Problem
https://leetcode.com/problems/two-sum/
Given an array of integers nums
and an integer target
, return indices of the two numbers such that they add up to target
. You may assume that each input would have exactly one solution, and you may not use the same element twice. You can return the answer in any order.
Examples
Example 1:
Input: nums = [2,7,11,15], target = 9
Output: [0,1]
Explanation: Because nums[0] + nums[1] == 9, we return [0, 1].
Example 2:
Input: nums = [3,2,4], target = 6
Output: [1,2]
Example 3:
Input: nums = [3,3], target = 6
Output: [0,1]
Solutions
The following solutions all exit as soon as a solution is found to optimize it a little further. If no solution is found, the function returns [-1, -1]
even though the problem states that there is exactly one solution. This is done to highlight a potential edge case where no solution is found in other versions of the problem.
Solution 1: Brute Force
function twoSum(nums: number[], target: number): number[] {
for (let i = 0; i < nums.length - 1; i++) {
for (let j = i + 1; j < nums.length; j++) {
if (nums[i] + nums[j] == target) {
return [i, j];
}
}
}
return [-1, -1];
}
Space Complexity: $O(1)$
Time Complexity: $O(n^2)$
This solutions adds every element in array with every other element in the array until it finds a solution equal to the target. This brute force approach is not time efficient but has a constant space complexity.
Solution 2: Two-pass Hash Table
function twoSum(nums: number[], target: number): number[] {
const solutions = {};
for (let i = 0; i < nums.length; i++) {
let cur = nums[i];
solutions[cur] = i;
}
for (let i = 0; i < nums.length; i++) {
let cur = nums[i];
let diff = target - cur;
if (solutions[diff] !== undefined && solutions[diff] !== i) {
return [solutions[diff], i];
}
}
return [-1, -1];
}
Space Complexity: $O(n)$
Time Complexity: $O(n)$
By implementing a hash table, the time complexity of the problem is greatly reduced down from quadratic to linear time complexity. This comes at the cost of a linear space complexity instant of constant. This solution is commonly known as the “Two Pass Hash Table” since it requires two passes through the array. One pass to create the hash table with indices and the second pass to find the solution.
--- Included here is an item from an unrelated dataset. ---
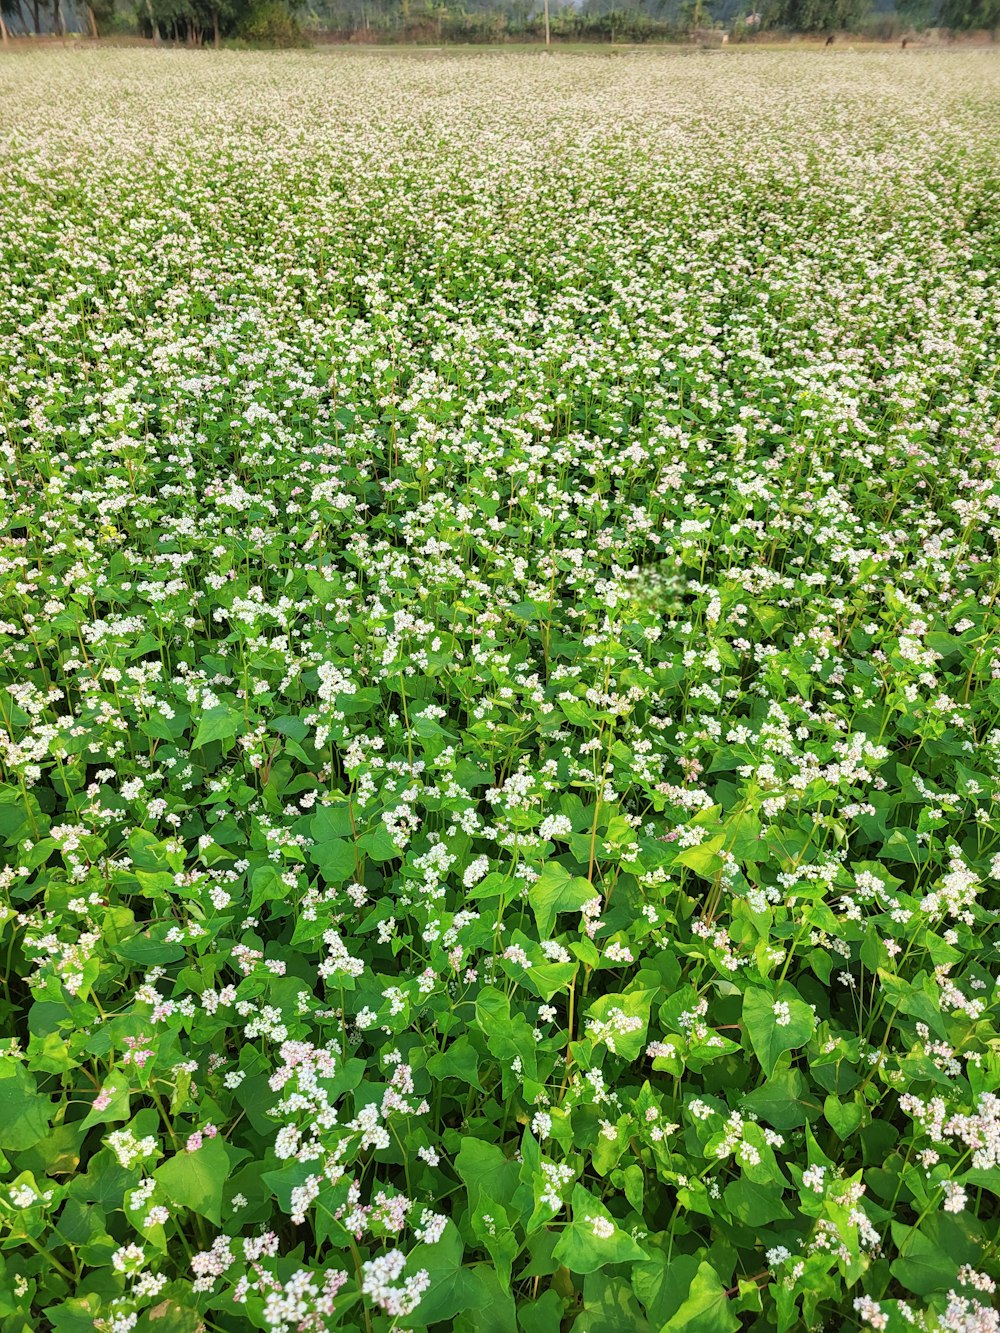 a large field of white flowers with green leaves

Solution 3: One Pass Hash Table
function twoSum(nums: number[], target: number): number[] {
const solutions = {};
for (let i = 0; i < nums.length; i++) {
let cur = nums[i];
let diff = target - cur;
if (solutions[diff] !== undefined) {
return [solutions[diff], i];
} else {
solutions[cur] = i;
}
}
return [-1, -1];
}
Space Complexity: $O(n)$
Time Complexity: $O(n)$
The One Pass Hash Table solution is an optimized version of its Two Pass counterpart. This solution instead only requires one pass through the array and creates the has table as it grows. Although it shares the same space and time complexities, it is more efficient than the Two Pass Hash Table solution through since it implements a pattern where we maintain a hash table of seen elements.